Summary

Качественный и количественный анализ иммунной синапсов в системе человека с использованием визуализации проточной цитометрии

Published: January 07, 2019
doi:

Summary

Здесь мы описываем полный рабочий процесс для качественного и количественного анализа иммунных синапсов между основной человеческий Т-клеток и антиген представляющих клеток. Метод основан на визуализации проточной цитометрии, который позволяет приобретение и оценки нескольких тысяч клеток изображений в течение относительно короткого периода времени.

Abstract

Иммунная синапса — это область коммуникации между Т-клеток и антиген представляющих клеток (БТР). Т-клетки поляризовывайте поверхности рецепторы и белков к иммунной СИНАПС для обеспечения стабильного привязки и сигнал обмен. Классическая конфокальный, TIRF или суперразрешением микроскопии были использованы для изучения иммунной синапсе. Поскольку эти методы требуют ручной изображения приобретение и длительным количественной оценки, изображений редких событий является сложной задачей. Здесь мы описываем рабочий процесс, который позволяет морфологический анализ десятки тысяч клеток. Иммунные синапсы наведены между первичной клетки человека T в Пан лейкоцита препаратов и золотистый стафилококк энтеротоксинов B SEB-загружен Раджи клетки как БТР. Получение изображения производится с изображений проточной цитометрии, также называется микроскопии в поток, который сочетает в себе черты проточный цитометр и флуоресцентным микроскопом. Предоставляется полный стробирования стратегию для выявления клеток T/APC пары и анализа иммунной синапсы. Как этот рабочий процесс позволяет анализ иммунной синапсов в подготовке неочищенную Пан лейкоцитов и поэтому требует лишь небольшого количества крови (т.е., 1 мл), он может применяться для образцов от пациентов. Важно отметить, что несколько образцов можно подготовлен, измеряется и проанализированы параллельно.

Introduction

Т-клетки являются основными регуляторами адаптивной иммунной системы и активируются через антигенные пептиды, которые представлены в контексте комплексов гистосовместимости (MHC).

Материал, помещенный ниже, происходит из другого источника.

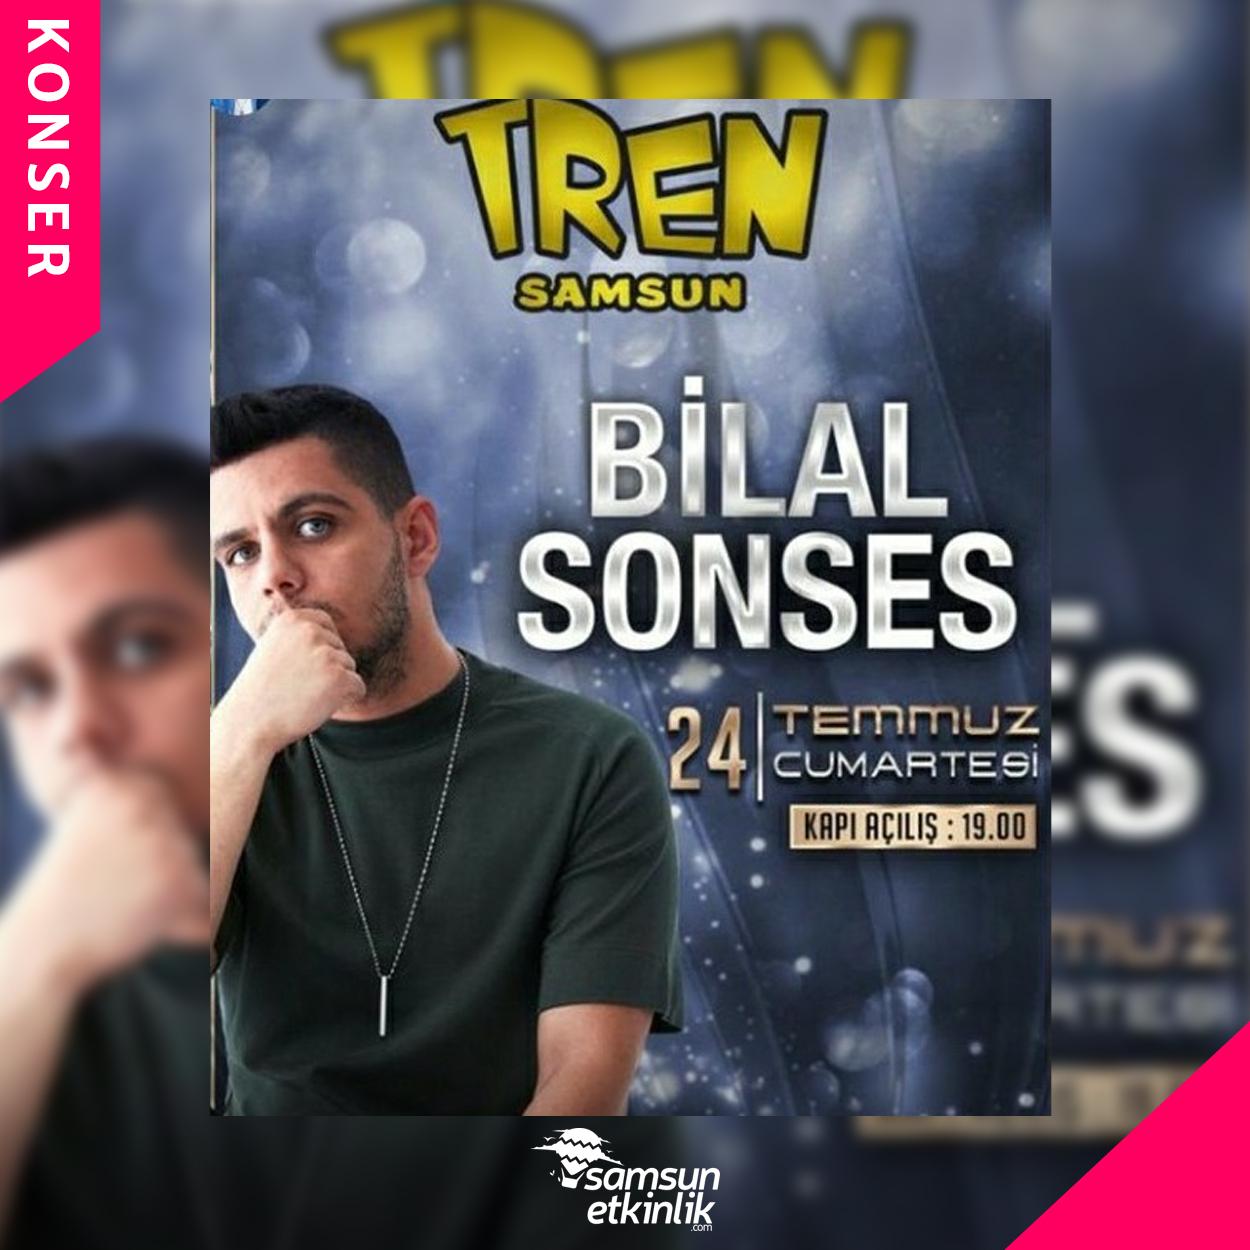 Bilal Sonses- Tren Samsun

Полная активация Т-клеток требует двух сигналов, компетенции сигнал через антиген специфические Т-клеточных рецепторов (TCR) / CD3 комплекса и костимуляторных сигнала через аксессуар рецепторов. Обе сигналы генерируются путем непосредственного взаимодействия Т-клеток с антиген представляющих клеток (БТР). Зрелые БТР обеспечивают компетенции сигнал для активации Т-клеток через MHC-пептидных комплексов, и они выражают костимуляторных лигандами (например, CD80 или CD86) заверить прогрессирование Т-клеток активации1. Одной из важных функций костимуляции является перераспределение актина цитоскелета2,3,4. Корковых F-актина относительно статичной в отдыхая Т-клеток. Т-клеточная стимуляция через антиген подшипник БТР приводит к глубокой перестройки Цитоскелет актина. Актина динамика (т.е., быстро актина полимеризации/деполимеризации круги) позволяют Т-клетки для создания сил, которые используются для перевозки белки или органеллы, например. Кроме того Цитоскелет актина имеет важное значение для разработки специальной контактной зоны между Т-клеток и БТР, называется иммунной синапсе. Ввиду важности Цитоскелет актина в иммунной синапса стало необходимо разработать методы количественной оценки изменений в Цитоскелет актина T клетки5,6,,78 , 9.

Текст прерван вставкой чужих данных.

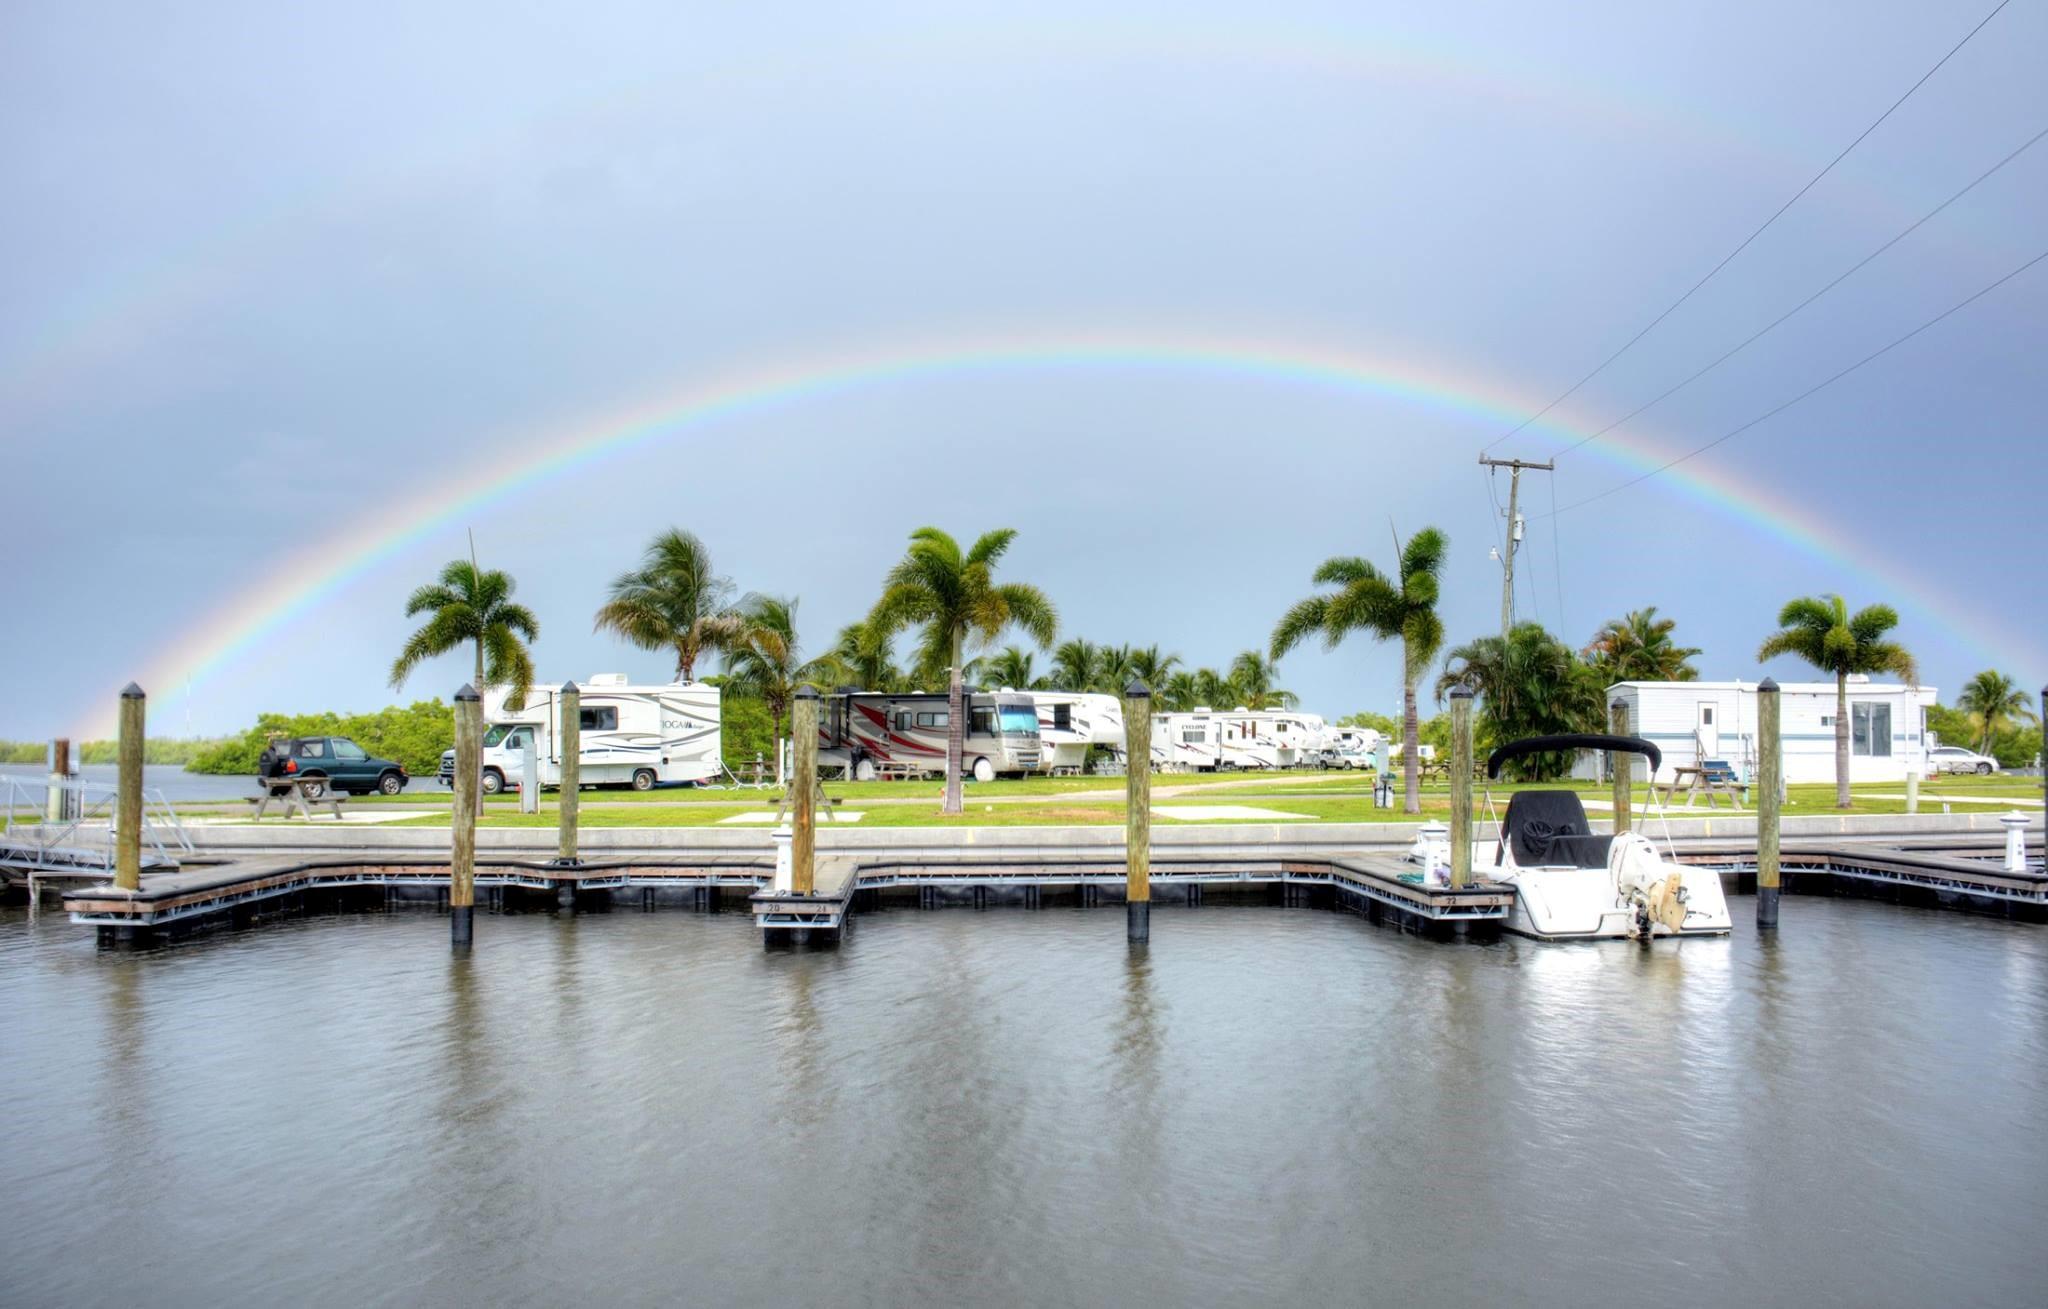 San Carlos RV Resort and Marina with Rainbow

С помощью актина цитоскелета помощи поверхности рецепторы и сигнализации белки подвергаются сегрегации в супрамолекулярные активации кластерах (SMACs) в пределах иммунной синапса. Стабильность иммунной синапса обеспечивается путем связывания рецепторов к F-актина расслоений, которые повышают эластичность Цитоскелет актина. Было показано, что формирование иммунной синапса иметь решающее значение для поколения адаптивного иммунного ответа. Пагубные последствия формирования дефектных иммунной синапсов в естественных условиях были впервые реализованы в пациентов, страдающих от синдром Вискотта-Олдрича синдром (WAS), заболевание в котором актина полимеризации и сопутствующе обстоятельств, нарушается формирование иммунной синапса10 . Последнее, что пациенты могут страдать от экземы, тяжелой инфекции, аутоиммунные заболевания и меланомы. Несмотря на этот вывод, в настоящее время не известно, отличается ли формирование иммунной синапсов в Т-клетки здоровых лиц и пациентов, страдающих от иммунные дефекты или аутоиммунных заболеваний.

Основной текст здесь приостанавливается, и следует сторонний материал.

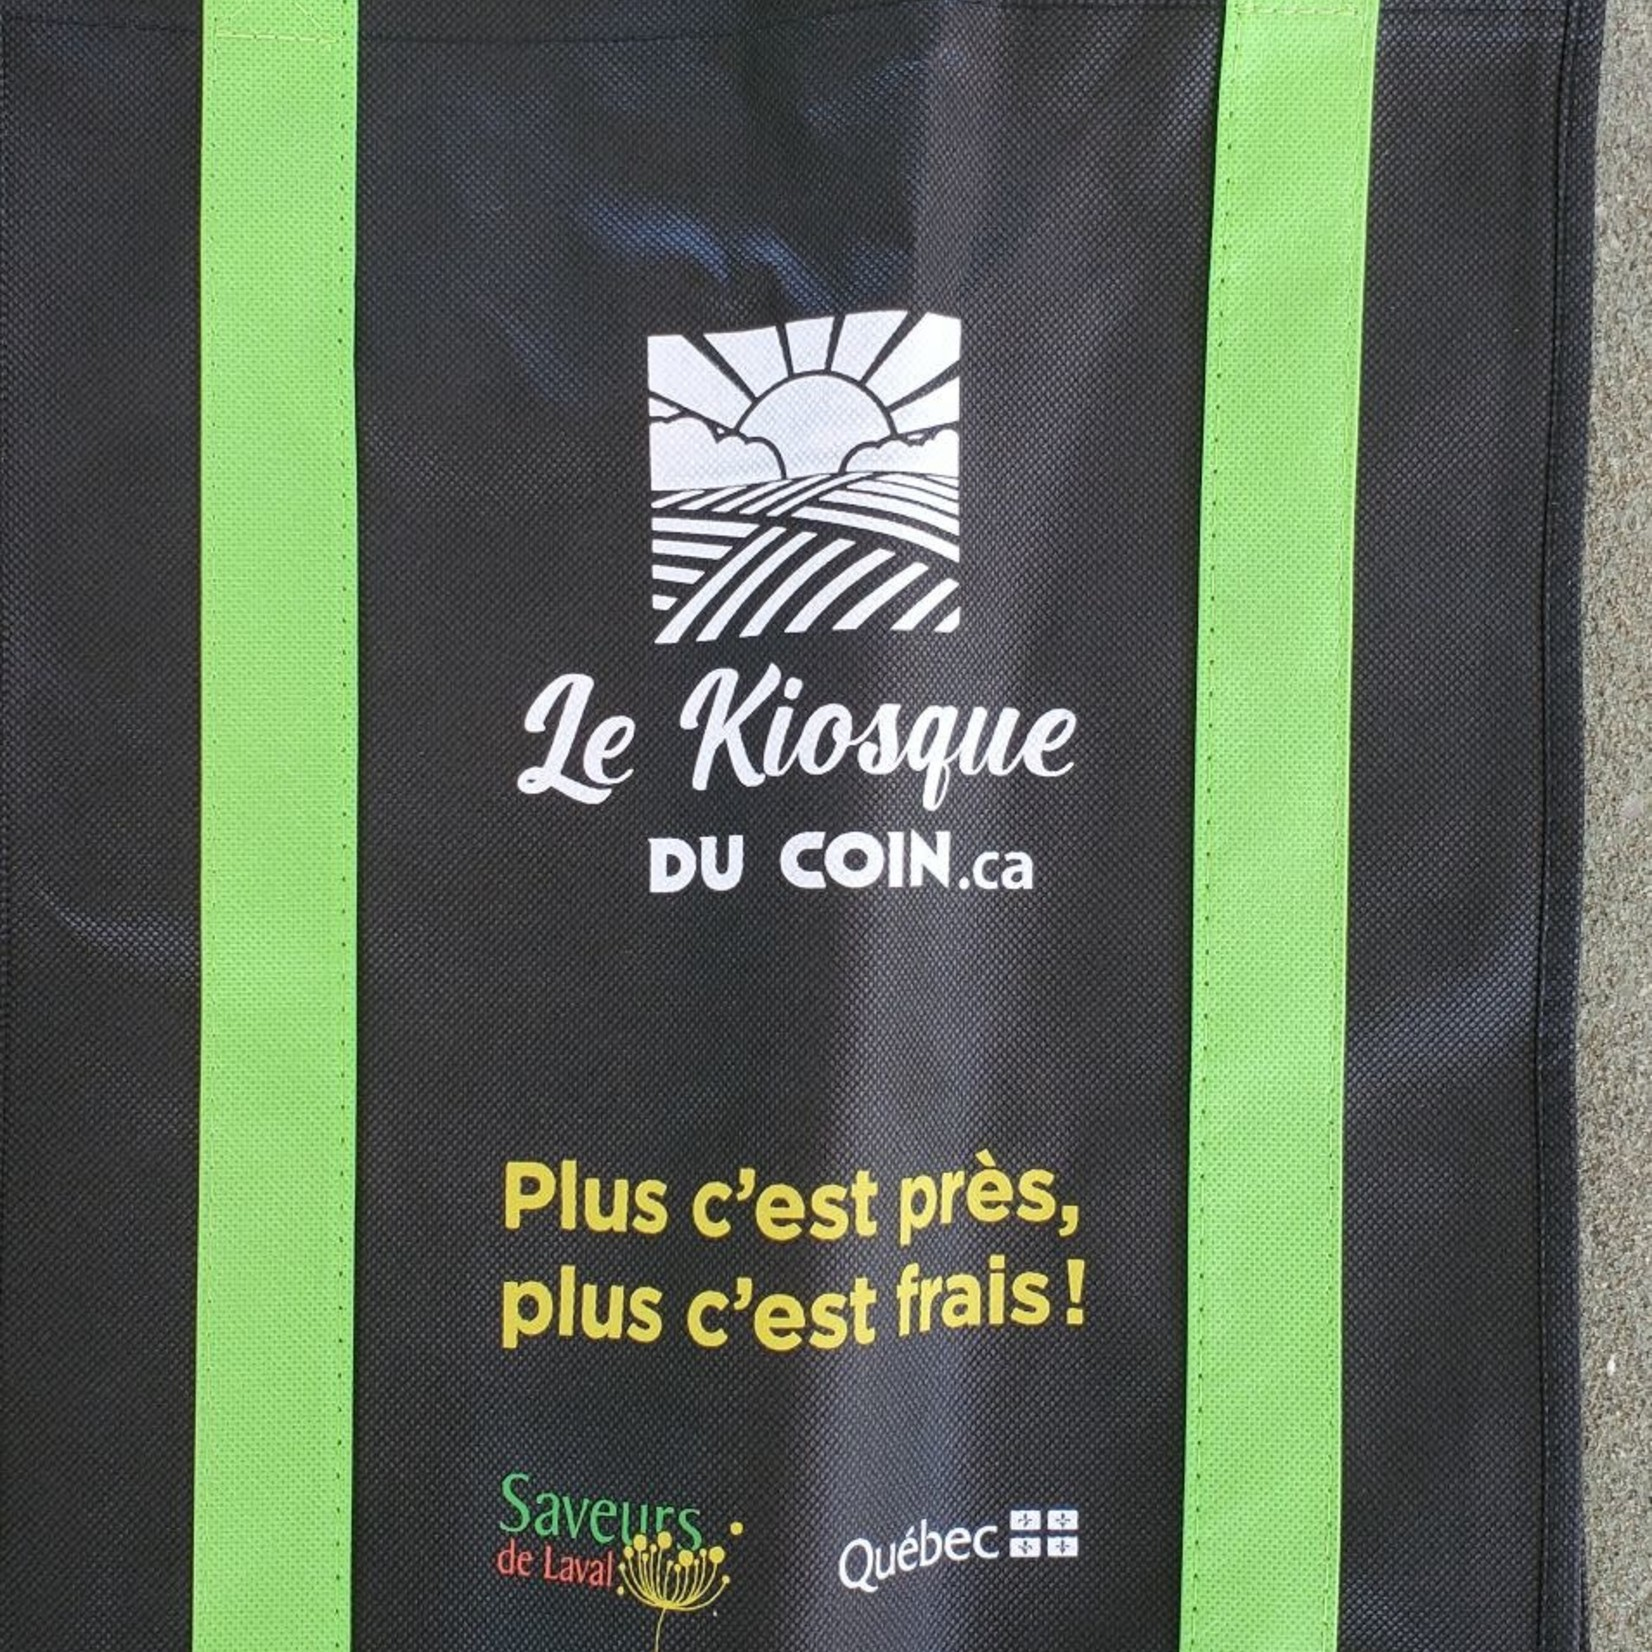 Sac réutilisable Kiosque Du Coin

Микроскопии флуоресцирования, включая конфокальный, TIRF и микроскопии суперразрешением, были использованы для раскрыть архитектура иммунной синапса11,12,,1314. Высокое разрешение этих систем и возможность выполнения клеток позволяет коллекции точно, пространственно временной информации о Цитоскелет актина и поверхности или внутриклеточных белков в иммунной синапсе. Многие результаты, однако, основаны на анализе лишь несколько десятков Т-клеток. Кроме того Т-клетки должны быть очищены для этих типов микроскопии флуоресцирования. Однако для многих исследований вопросов, неочищенную клетки, вместо того, чтобы резолюции максимально используется исключительно важное значение. Это актуально, если анализируются Т-клетки от пациентов, поскольку объем донорской крови, ограничен и может быть необходимость обработки множества образцов параллельно.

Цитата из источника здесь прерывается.